Nothing but the lines from the one containing "Helicopter Pilots Get" through the last line of the data below should be returned, each exactly as it stands, pictures excluded.

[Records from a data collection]
----------

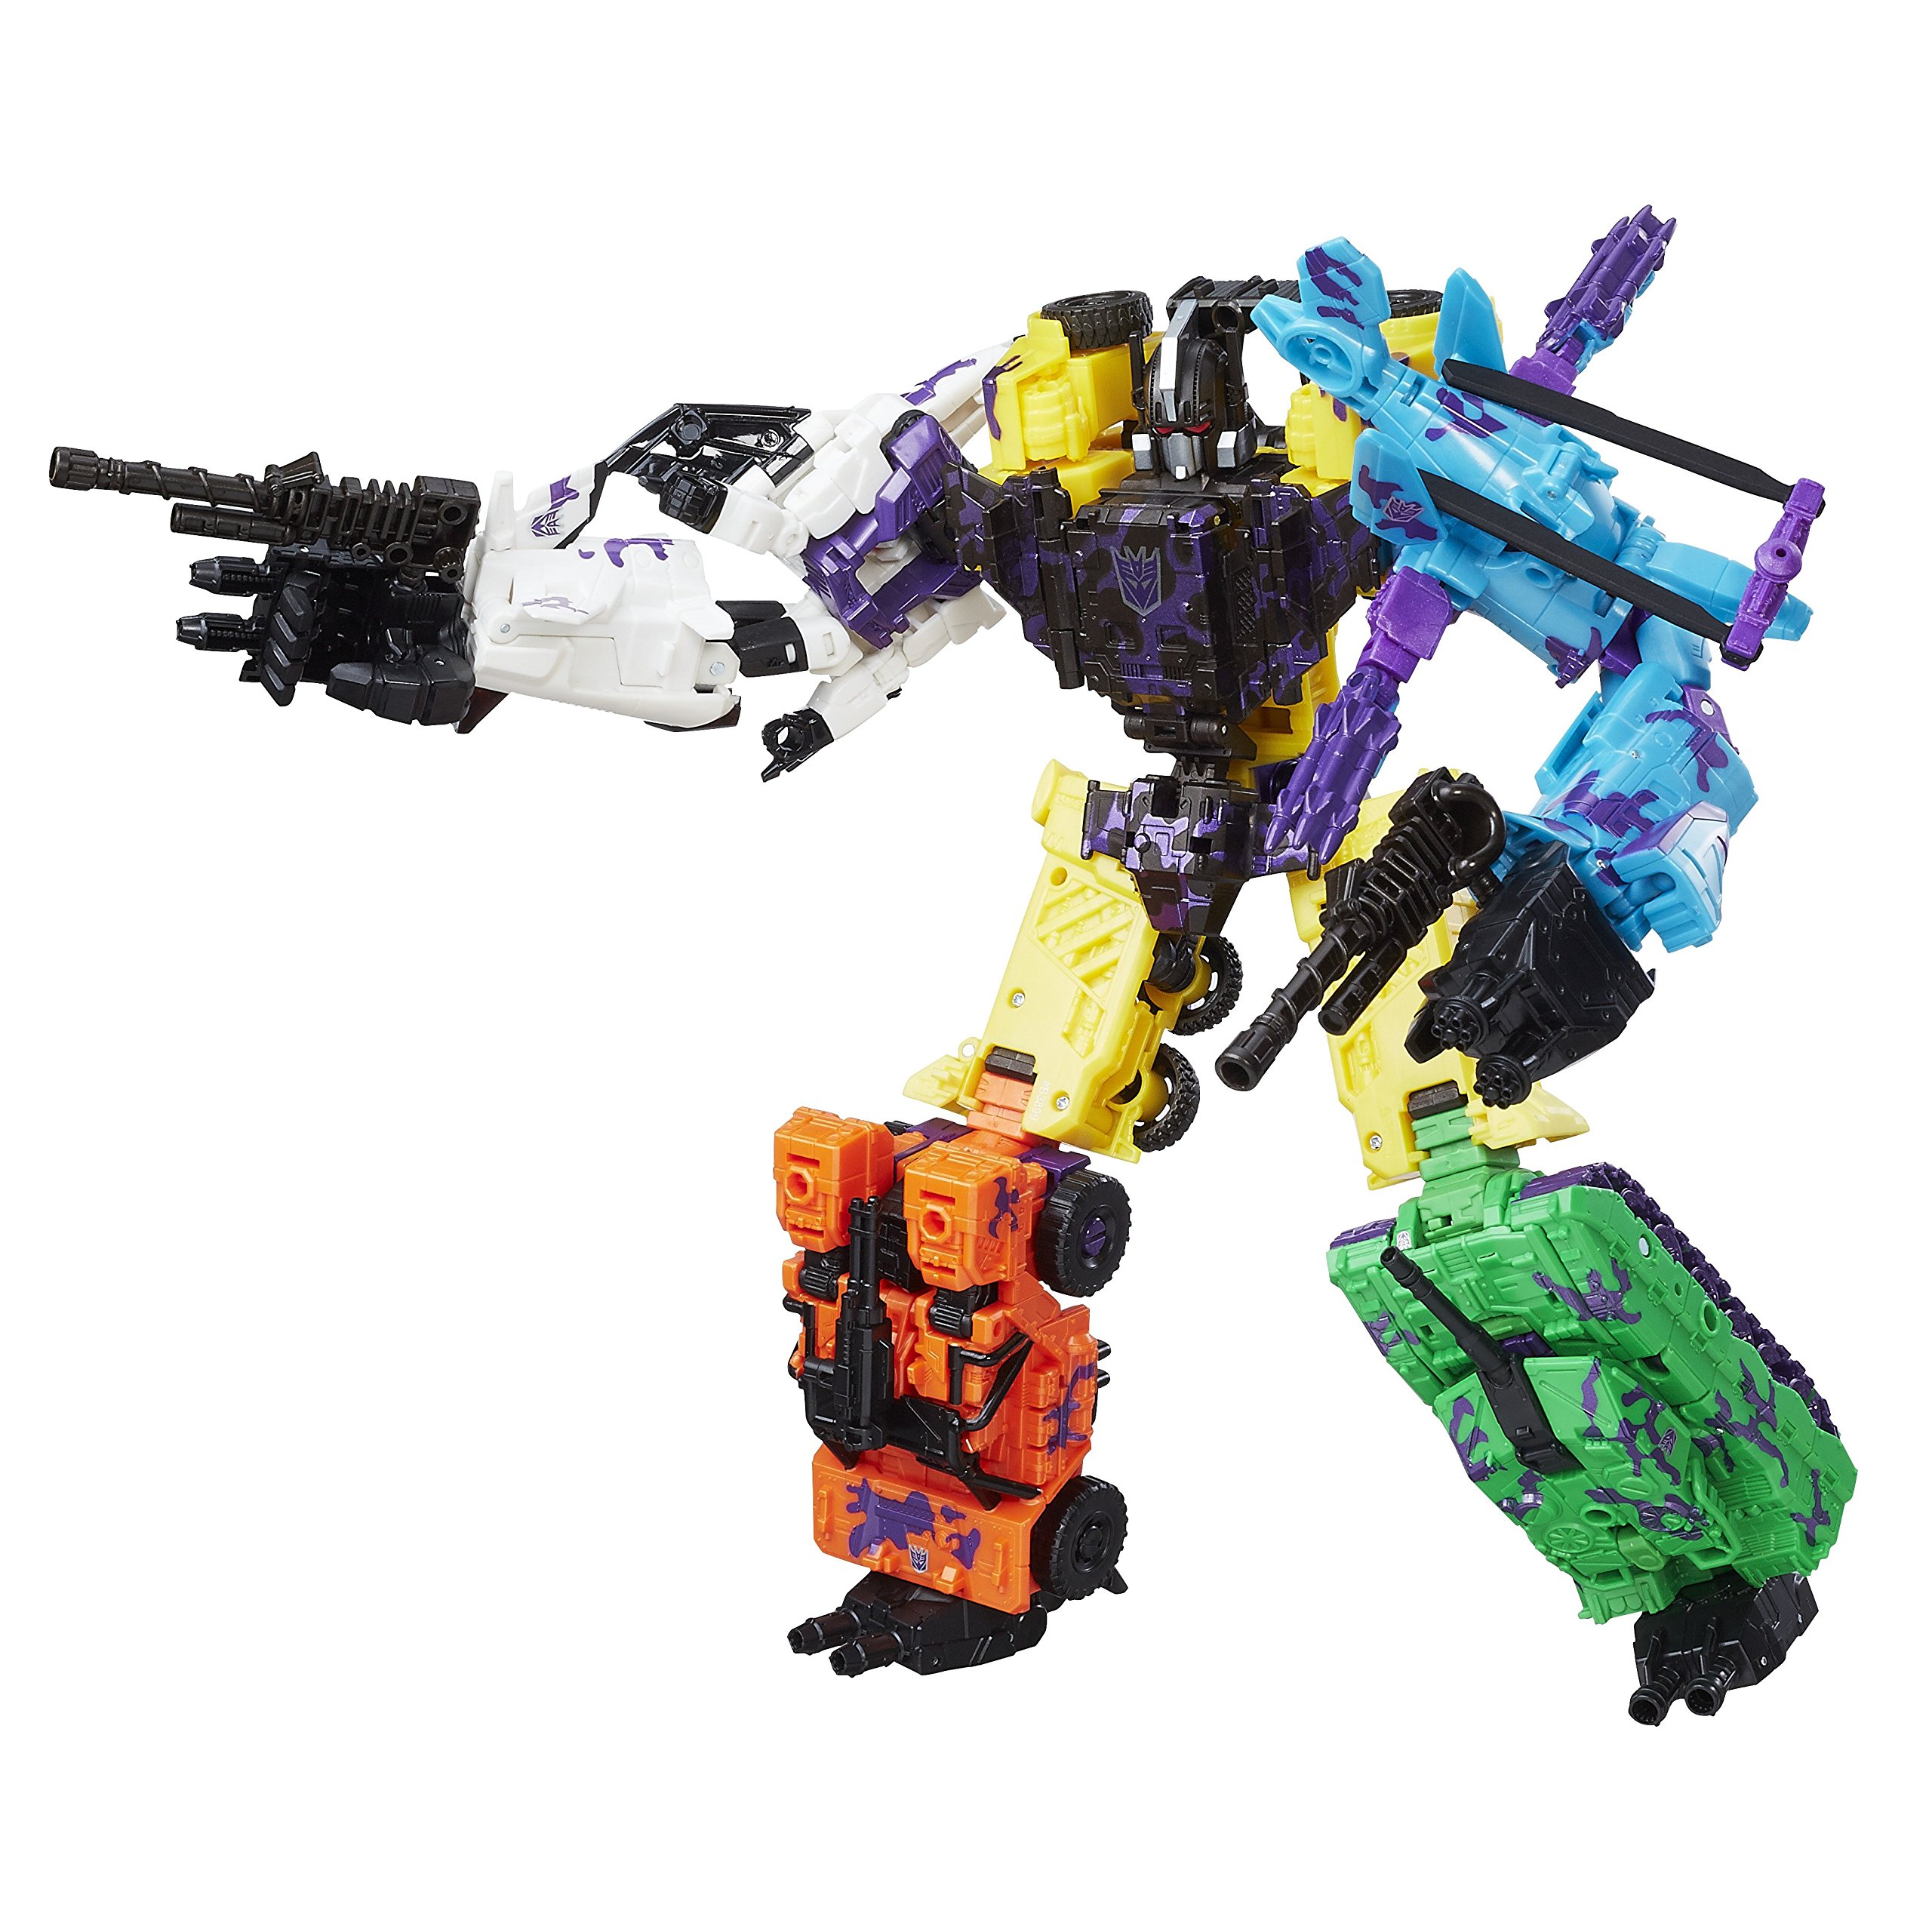 Transformers Generations Combiner Wars Series PK Bruticus Action Figure
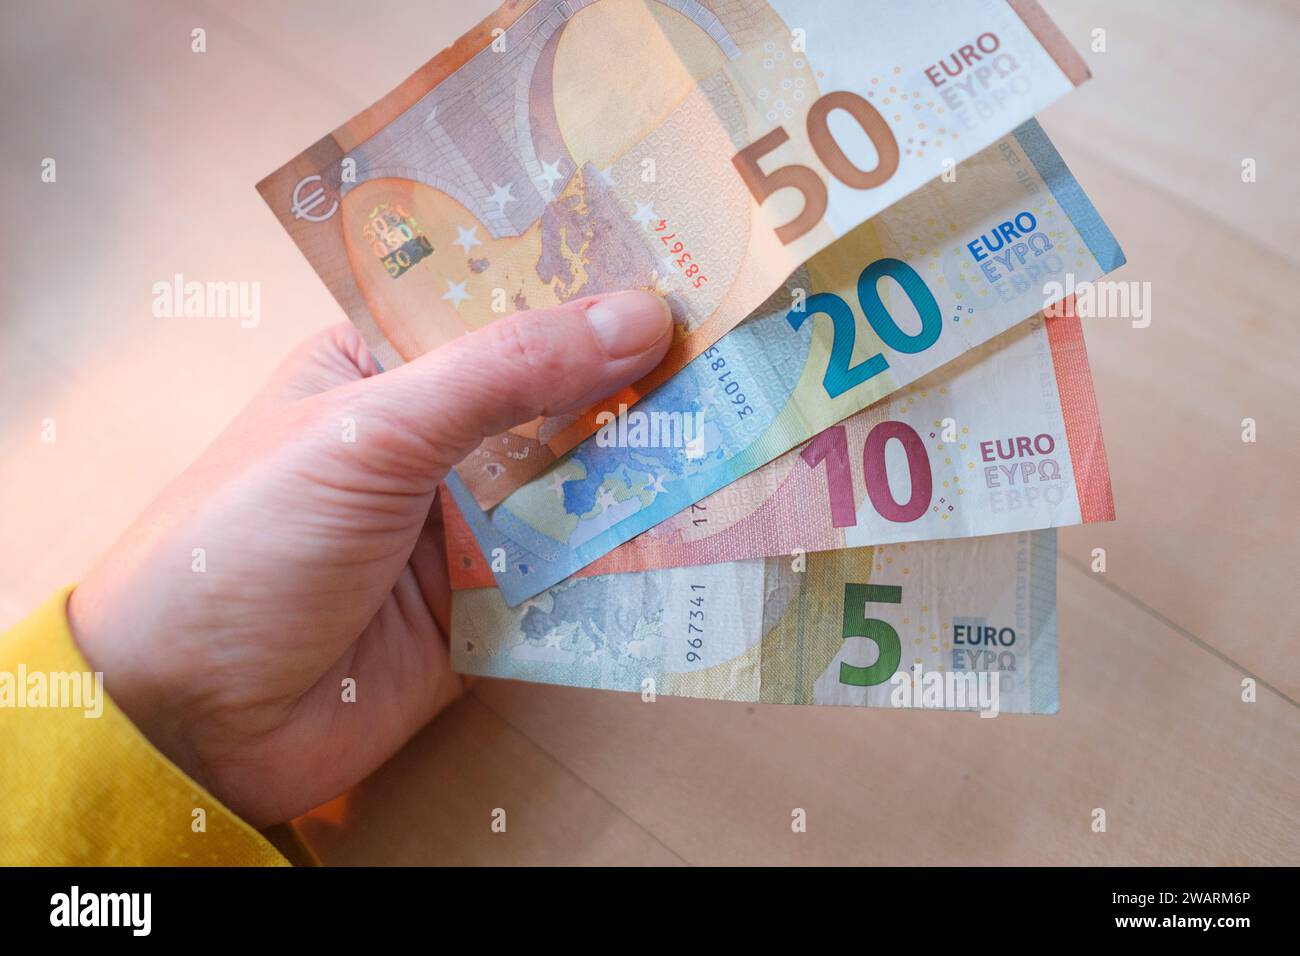 Main de femme tenant divers billets en euros Banque D'Images
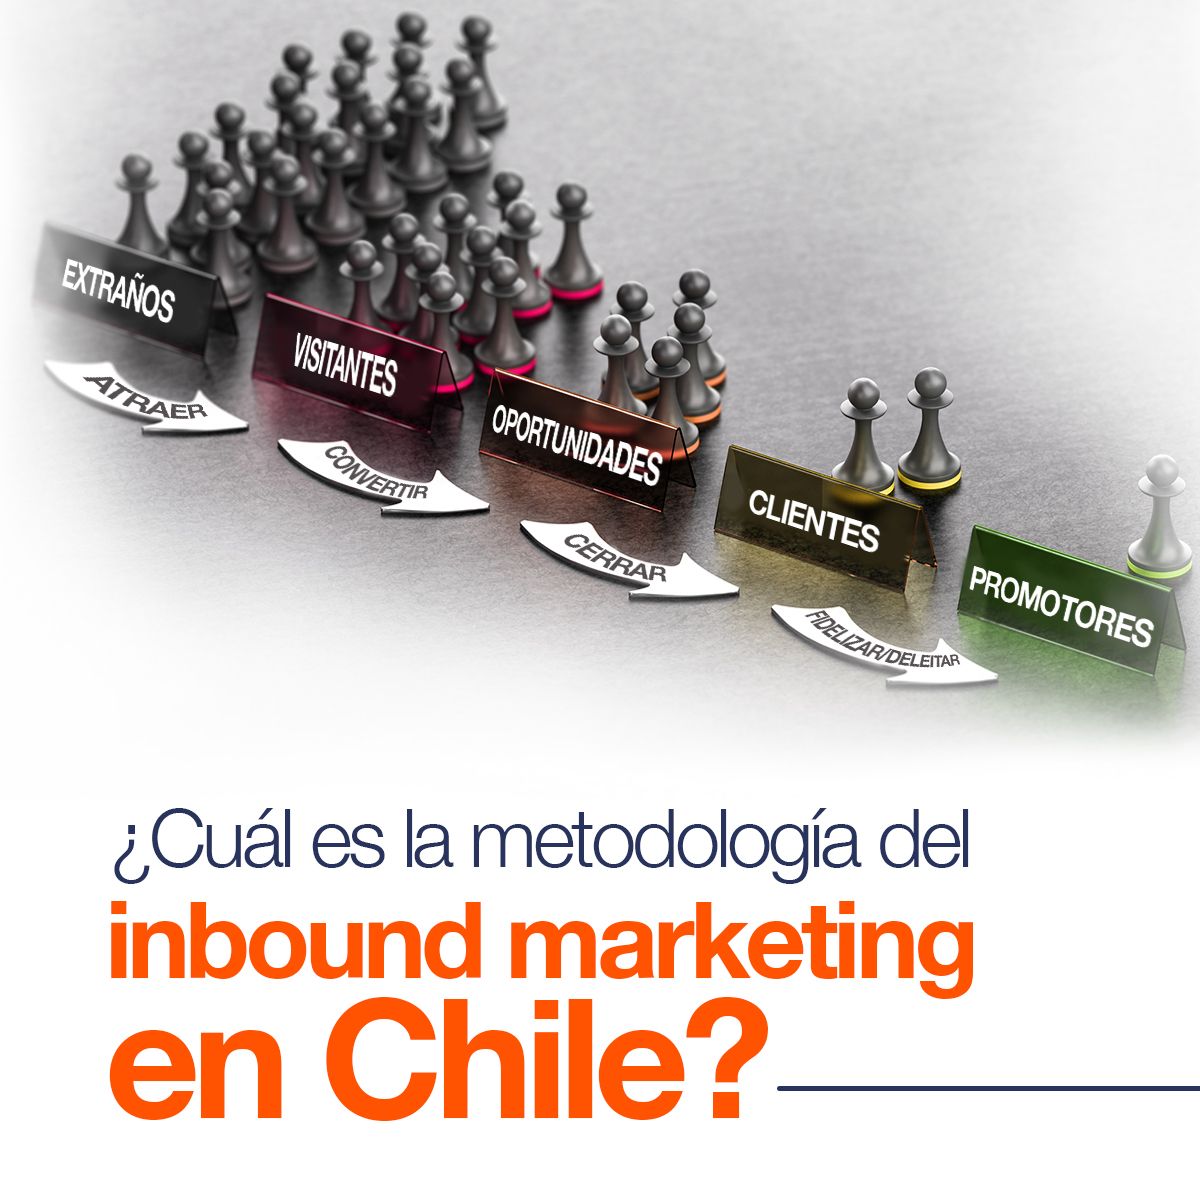 ¿Cuál es la metodología del inbound marketing en Chile?
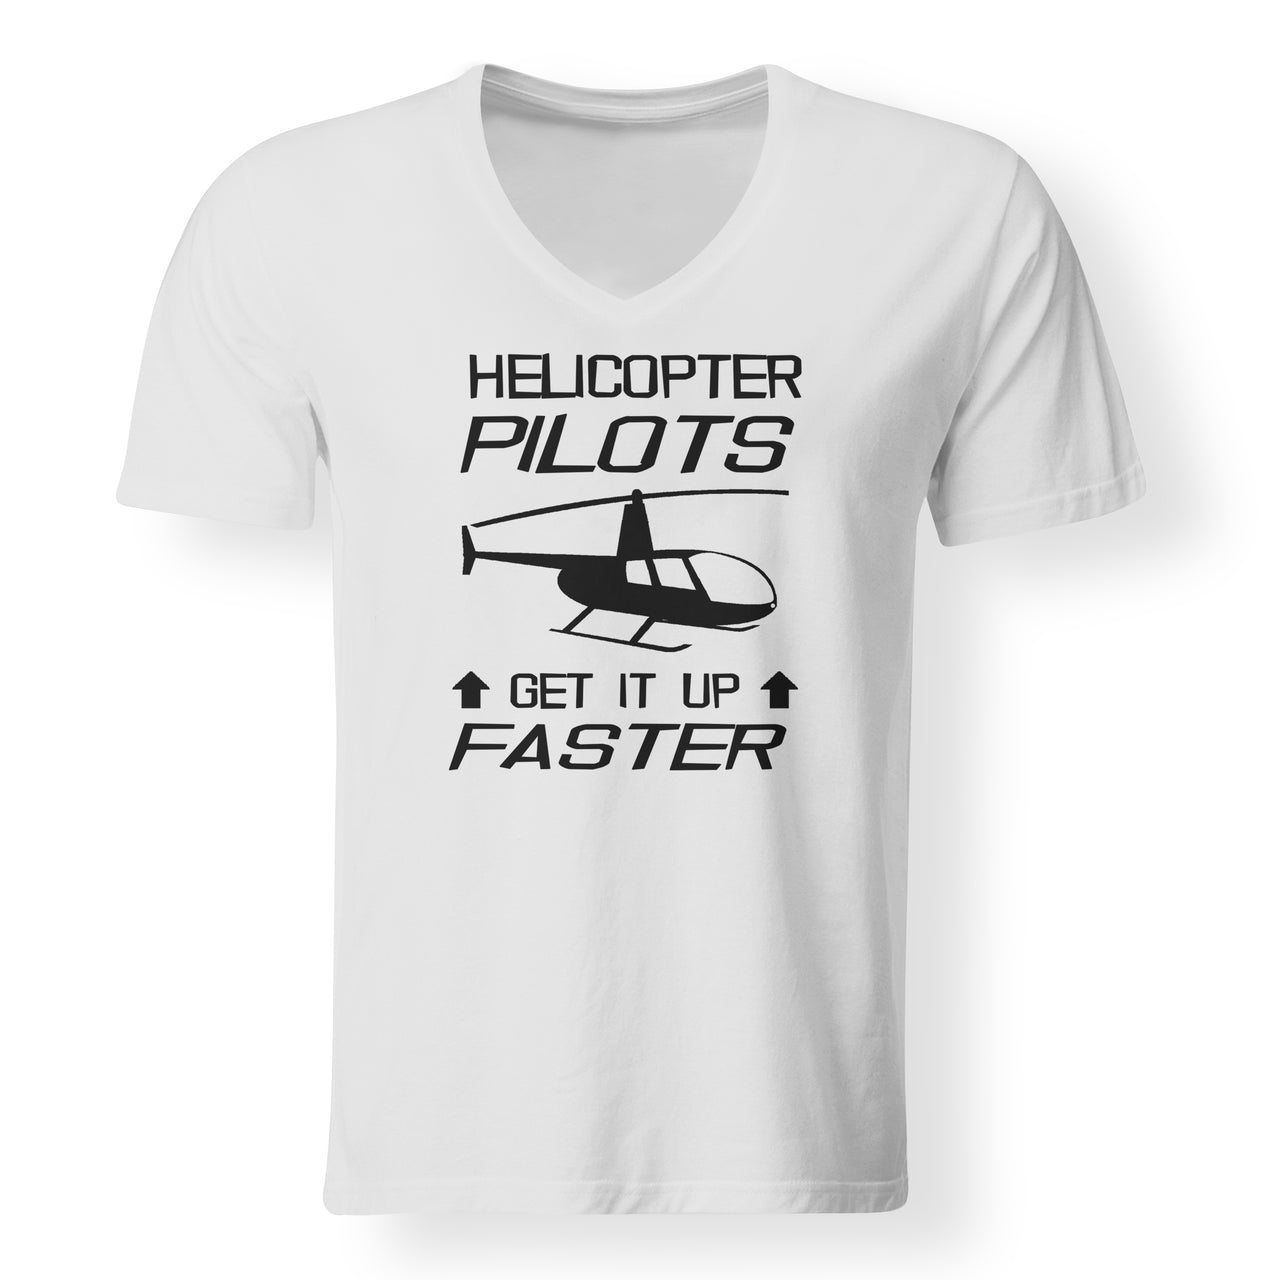 Helicopter Pilots Get It Up Faster Designed V-Neck T-Shirts
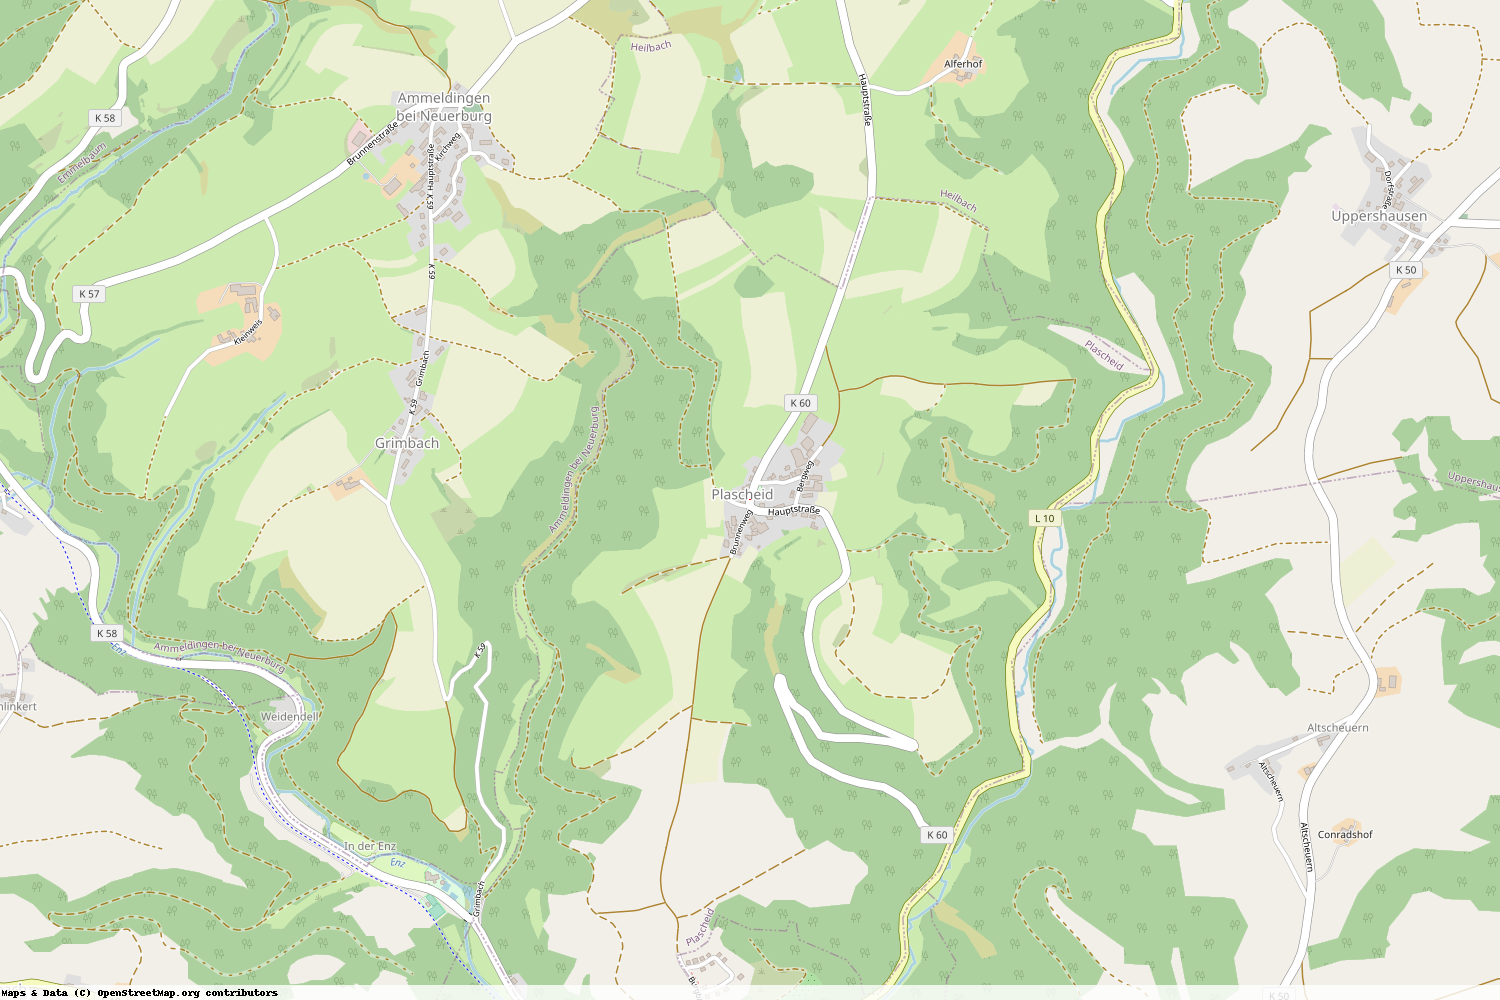 Ist gerade Stromausfall in Rheinland-Pfalz - Eifelkreis Bitburg-Prüm - Plascheid?

----------

- **Result of this task**
 Helicopter Pilots Get It Up Faster Designed V-Neck T-Shirts
 Ist gerade Stromausfall in Rheinland-Pfalz - Eifelkreis Bitburg-Prüm - Plascheid?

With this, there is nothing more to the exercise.